Faz hoje 50 anos - esta «estrela» subiu ao céu. Ficou-nos apenas um «rasto» de luz.


Tuesday, September 27, 2005

Poema sobre a canção da esperança

Dá-me lírios, lírios,/
E rosas também./
Mas se não tens lírios/
Nem rosas a dar-me, /
Tem vontade ao menos/
De me dar os lírios/
E também as rosas./
Basta-me a vontade,/
Que tens, se a tiveres,/
De me dar os lírios/
E as rosas também,/
E terei os lírios -/
Os melhores lírios -/
E as melhores rosas/
Sem receber nada, /
a não ser a prenda/
Da tua vontade/
De me dares lírios/
E rosas também.

Álvaro de Campos

Monday, September 26, 2005

Carole Lombard
O destino fez dela uma diva trágica de Hollywood, mas, no écran, foi uma das mulheres mais divertidas de sempre. Como poderemos ver durante o mês de Outubro na Cinemateca Portuguesa, era bela, talentosa e sofisticada. Morreu aos 34 anos, num desastre de avião, durante uma campanha que visava despertar a opinião pública norte-americana para a necessidade do envolvimento na IIª Guerra Mundial. Em terra, de coração despedaçado, ficava Clark Gable, com quem casara em 1939.

Friday, September 23, 2005


«The Kiss», Robert Doisneau


Valsinha da repartição

E um dia ele chegou, encostou-se ao armário, disposto a fazer sala a pretexto duma banalidade qualquer. Mas ela, afogueada como uma menina de escola, soube logo que ele tomara a decisão de acabar com anos de silêncio pesado como é o dos desejos insatisfeitos, de olhares furtivos, gestos apenas esboçados. Já não podem brincar às escondidas no corredor. Têm os dois a mesma idade, que é a de terem juízo. Suspeito que não o terão.

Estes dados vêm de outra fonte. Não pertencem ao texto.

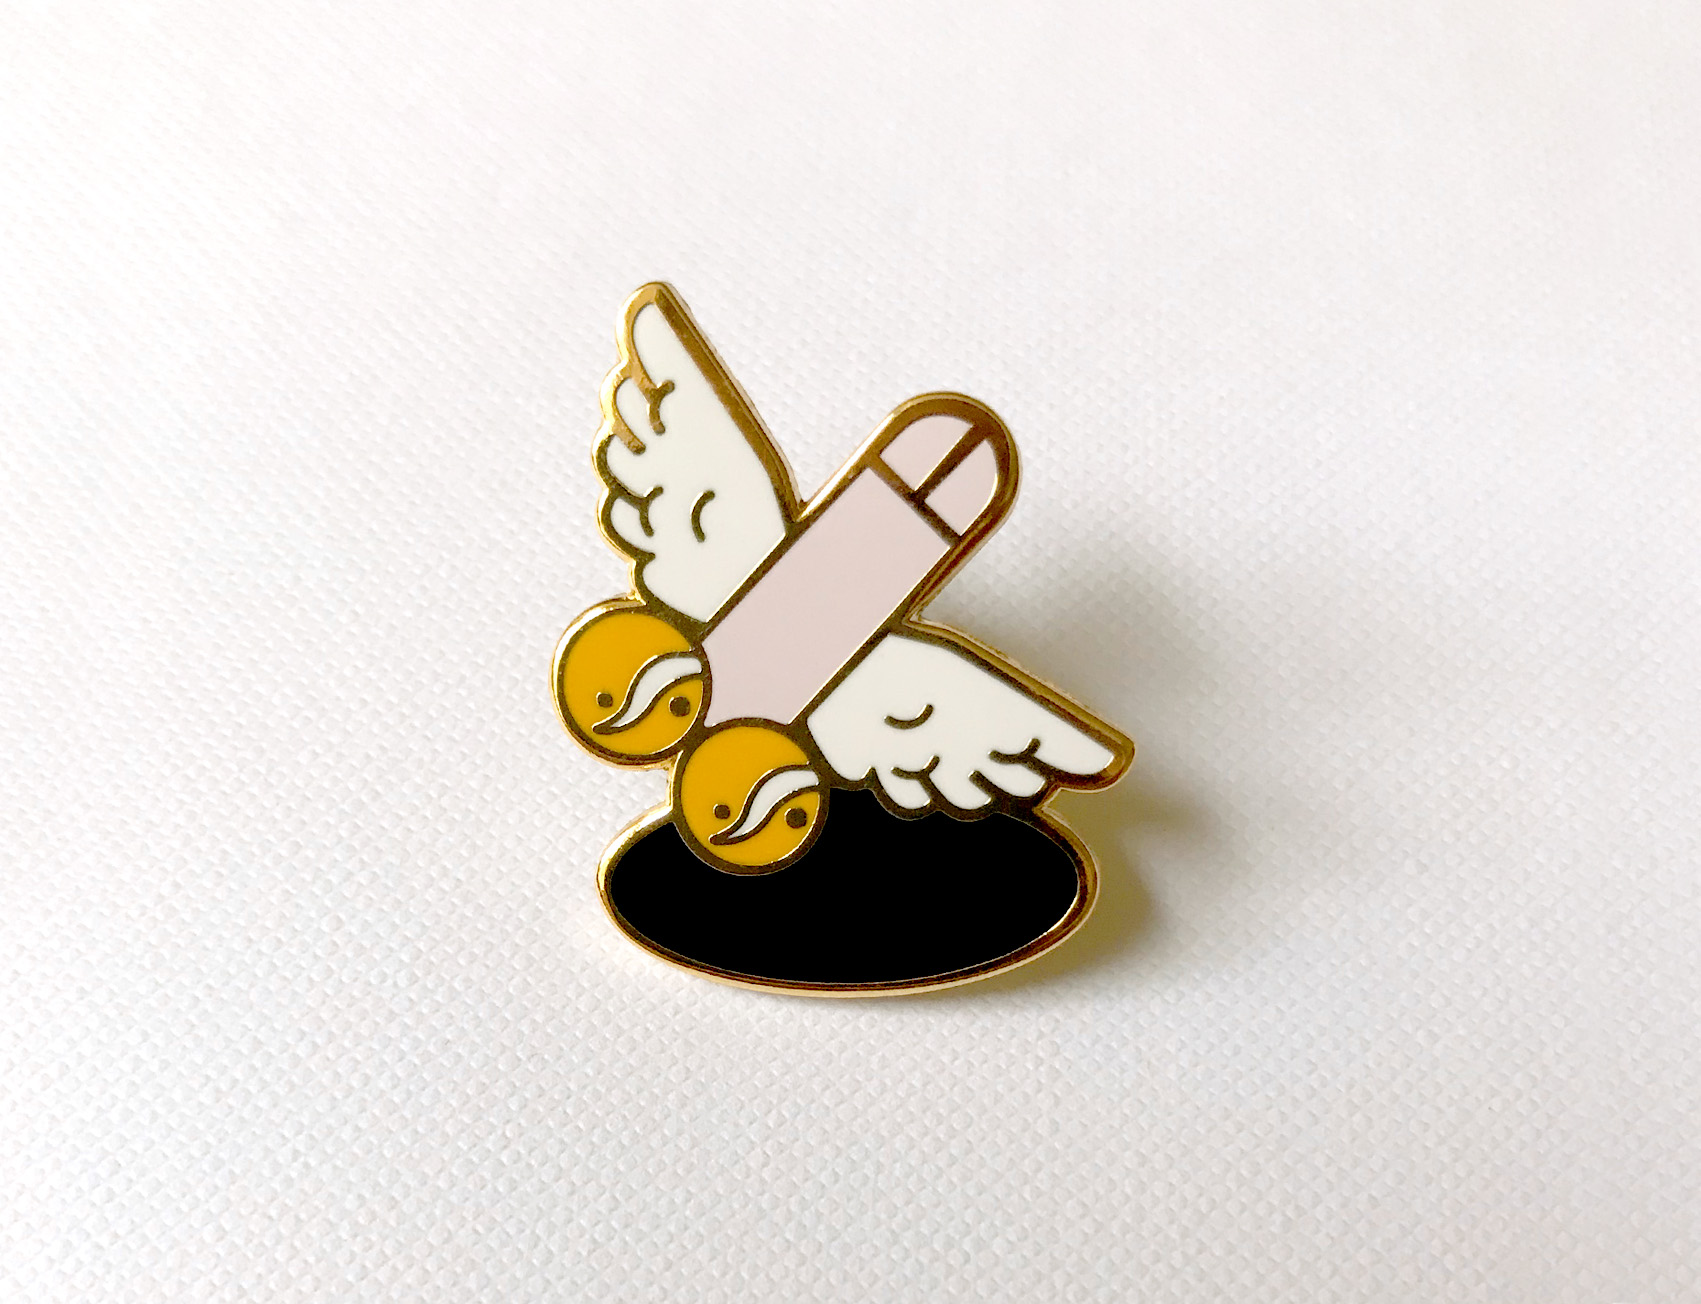 Copy of Copy of Marble Pins - Flying Dick

Tuesday, September 20, 2005



Café et cinéma à Paris (ou a sonhar com isso...)

Há muitas maneiras de conseguir o impossível, isto é, de alegrar uma tarefa tão empolgante como uma corrida de caracóis. Neste caso, recorro ao CD Café de Flore 2, que tem a arte de combinar dois «vícios» de que não me separarei, nem por imposição médica - o café e o cinema. «Ambientado» no parisiense «Café de la Flore», à Saint-Germain-des-Près, reúne Catherine Deneuve (a cantar «Toi Jamais», como no filme Huit Femmes), Ann-Margret, Juliette Greco, Serge Gainsbourg, Dimitri from Paris com os (meus queridos) Pink Martini e até o actor Anthony Perkins (sim, esse mesmo, o inquietante protagonista de Psycho) a interpretar um dos «hinos» da cidade-luz: «Il n'y a plus d'après», escrito por Guy Béart para «La Greco».
A propósito de Paris e seus cafés, a propósito de cinema, creio que recordarei para sempre a minha última estada na capital francesa, nomeadamente um jantar no restaurante Le Grand Colbert. Não porque a refeição fosse extraordinariamente apetitosa, mas porque, a meio da mesma, descobri que ali fora rodada uma cena chave de Something Gotta to Give. Cinéfila fetichista, delirei à ideia de que, ali mesmo, naquela mesmíssima sala, tinham estado sentados Jack Nicholson, Diane Keaton e Keanu Reeves. A animação da noite não se ficou por esta descoberta. Em plena sobremesa raffinée, alguém na nossa mesa alertou para a chegada dum visitante inesperado. Não, não era o Nicholson que voltava ao local de filmagens, nem tão pouco o fantasma de Colbert que assombrava o luxuoso restaurante baptizado em sua honra. Tratava-se apenas dum ratinho que, oriundo da cozinha, atravessava a sala em busca duma saída airosa para a sua incursão. Alguém aventou que talvez fosse «le petit Colbert», mas a coisa passou-se sem que o bon chic, bon genre do local saisse beliscado. Le Grand Colbert continua na lista dos «best places to kiss at Paris».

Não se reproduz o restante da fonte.